Could the listing below be reproduced exactly, minus its pictures?

■ SUPPLIED DATA:
================

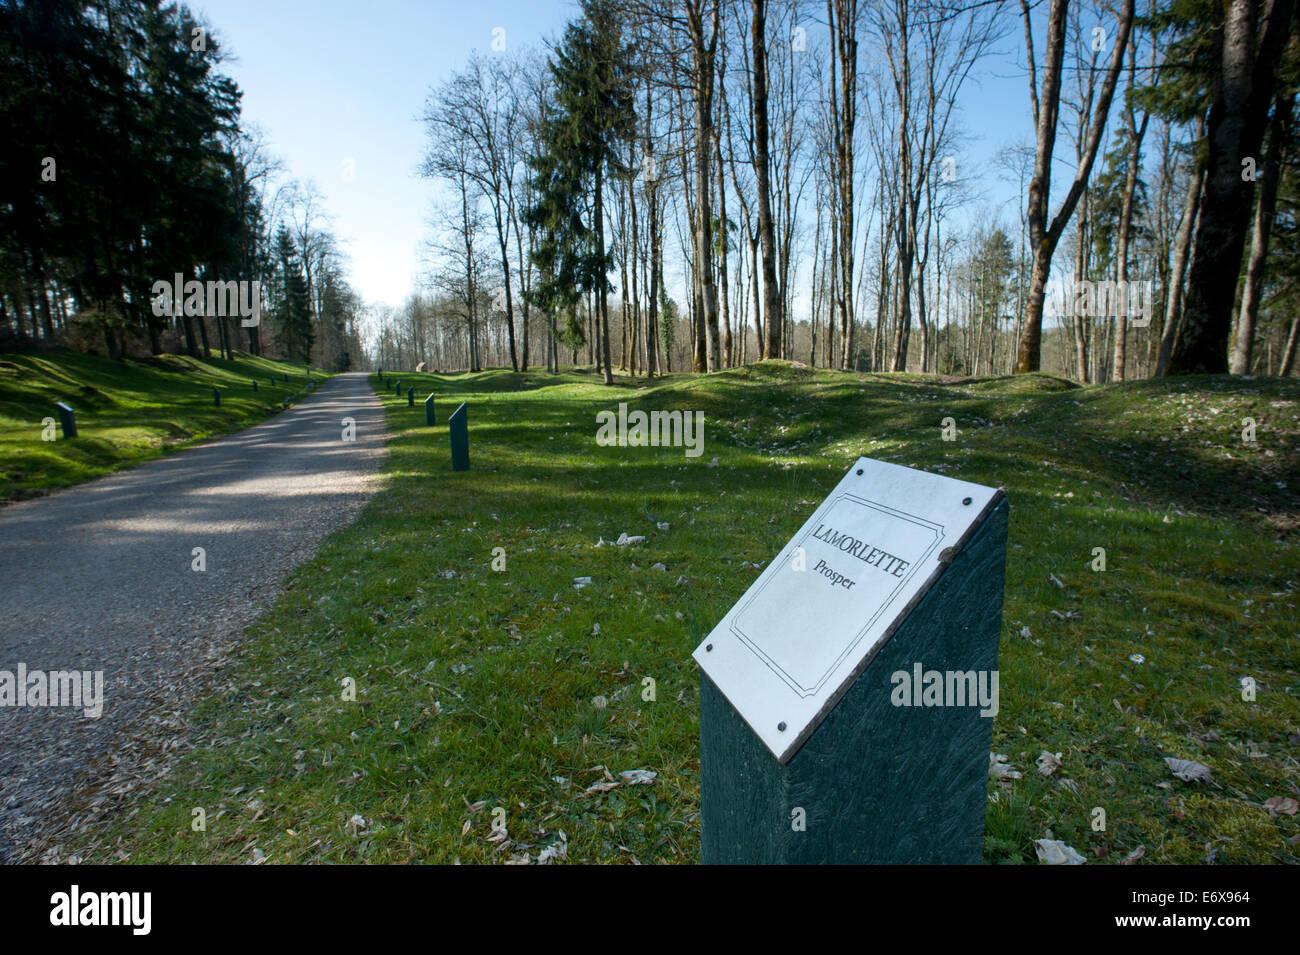 Verdun WW1 Battlefield site, Verdun-sur-Meuse, France. March 2014 Seenhere: During the war, the village of Douaumont Stock Photo
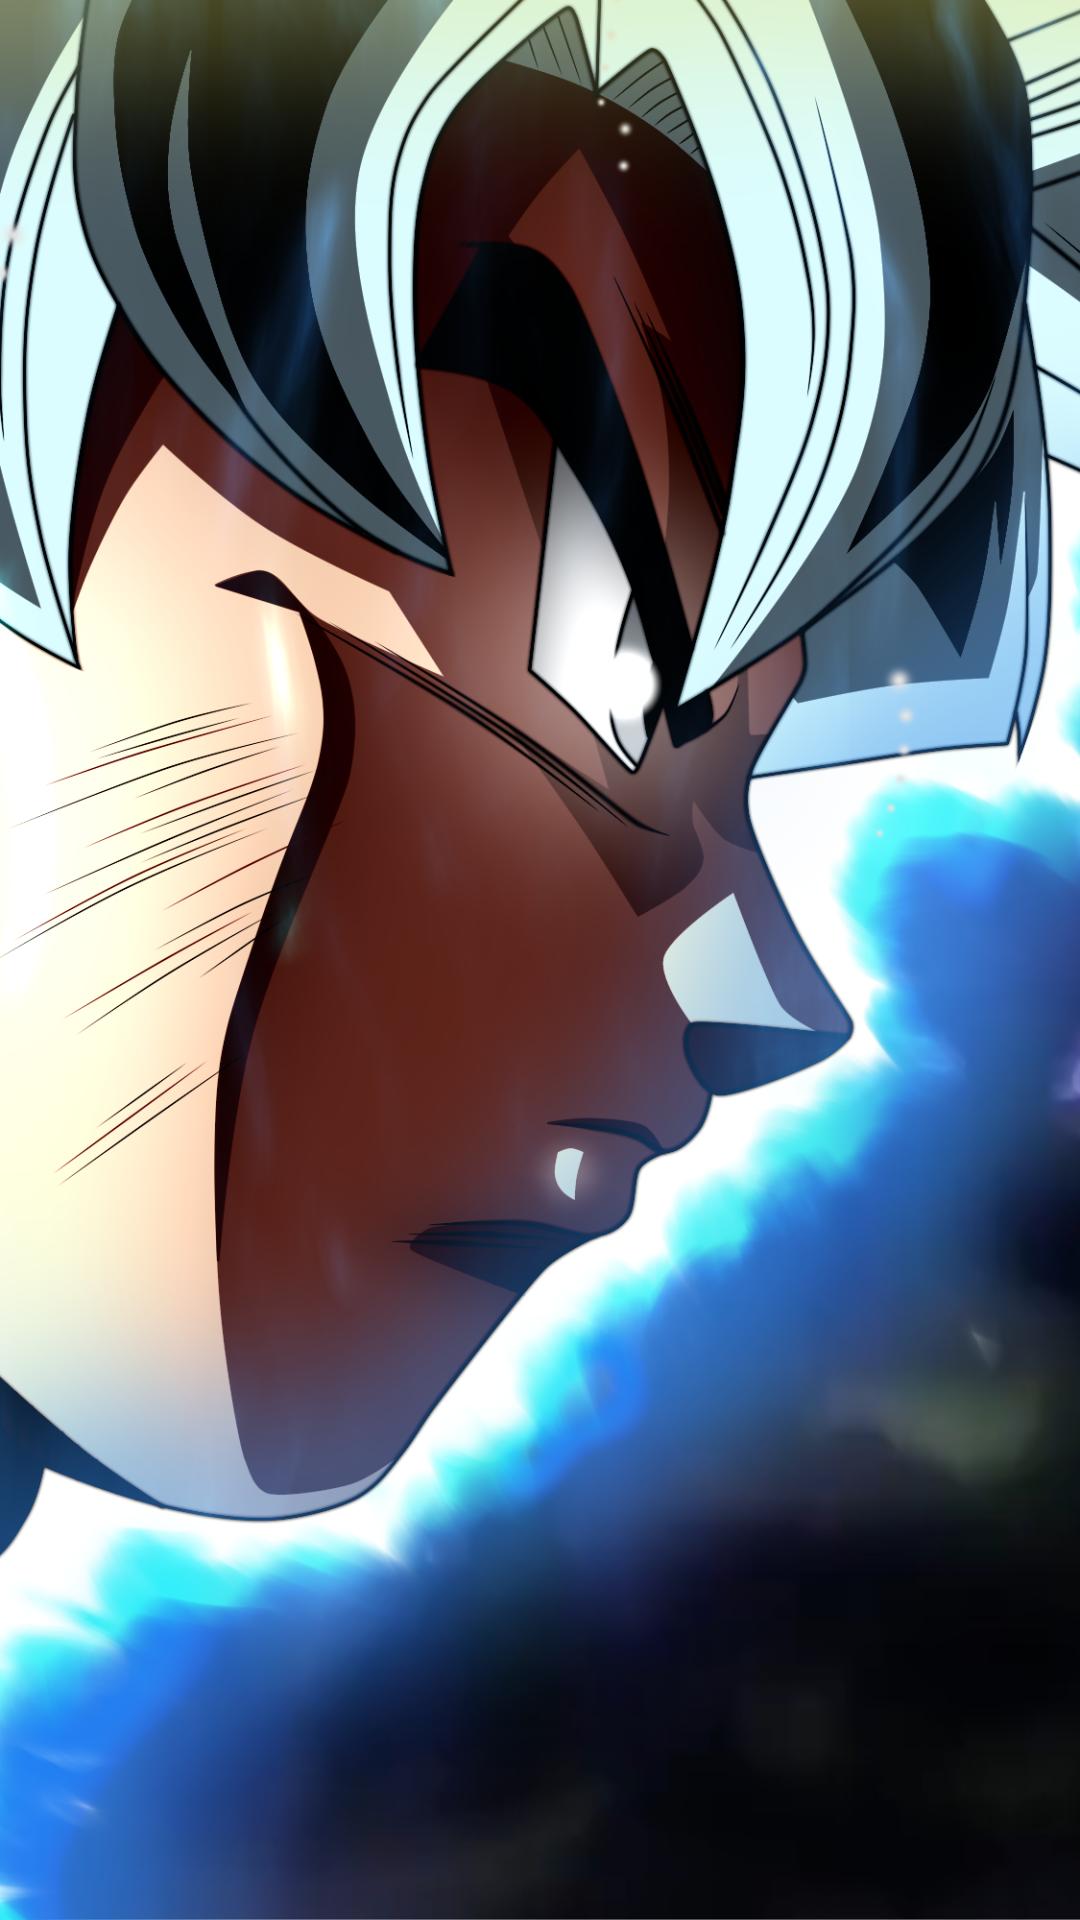 Anime dragon ball super 1080x1920 wallpaper id 706868 mobile abyss - Dragon ball super wallpaper 1080x1920 ...
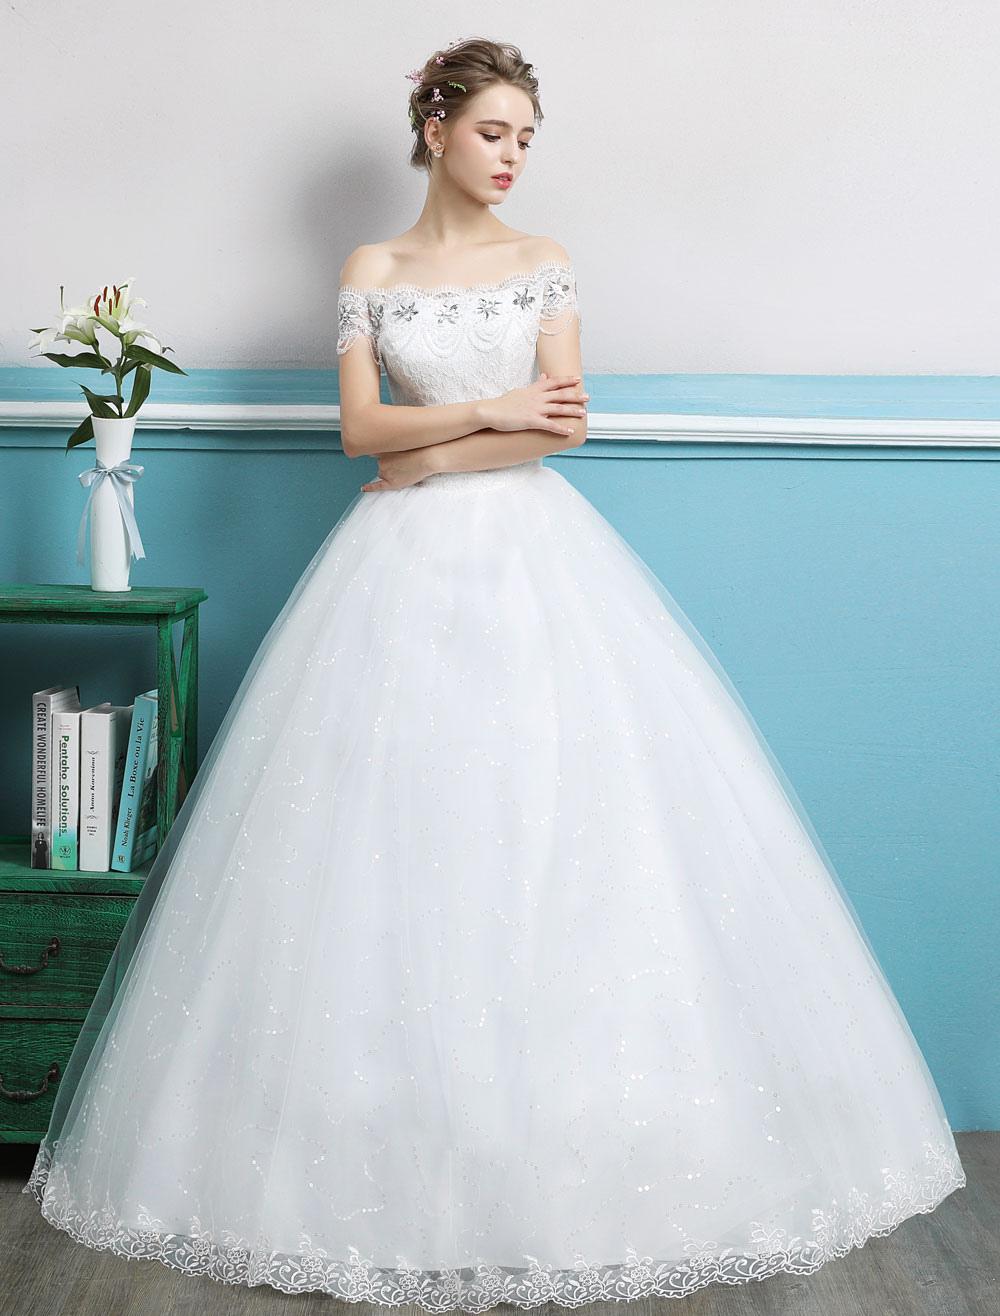 Princess Ball Gown Wedding Dresses Off Shoulder Lace Rhinestones ...

================

■ SOLUTION TO THE EXERCISE:
 Verdun WW1 Battlefield site, Verdun-sur-Meuse, France. March 2014 Seenhere: During the war, the village of Douaumont Stock Photo
 Anime dragon ball super 1080x1920 wallpaper id 706868 mobile abyss - Dragon ball super wallpaper 1080x1920 ...
 Princess Ball Gown Wedding Dresses Off Shoulder Lace Rhinestones ...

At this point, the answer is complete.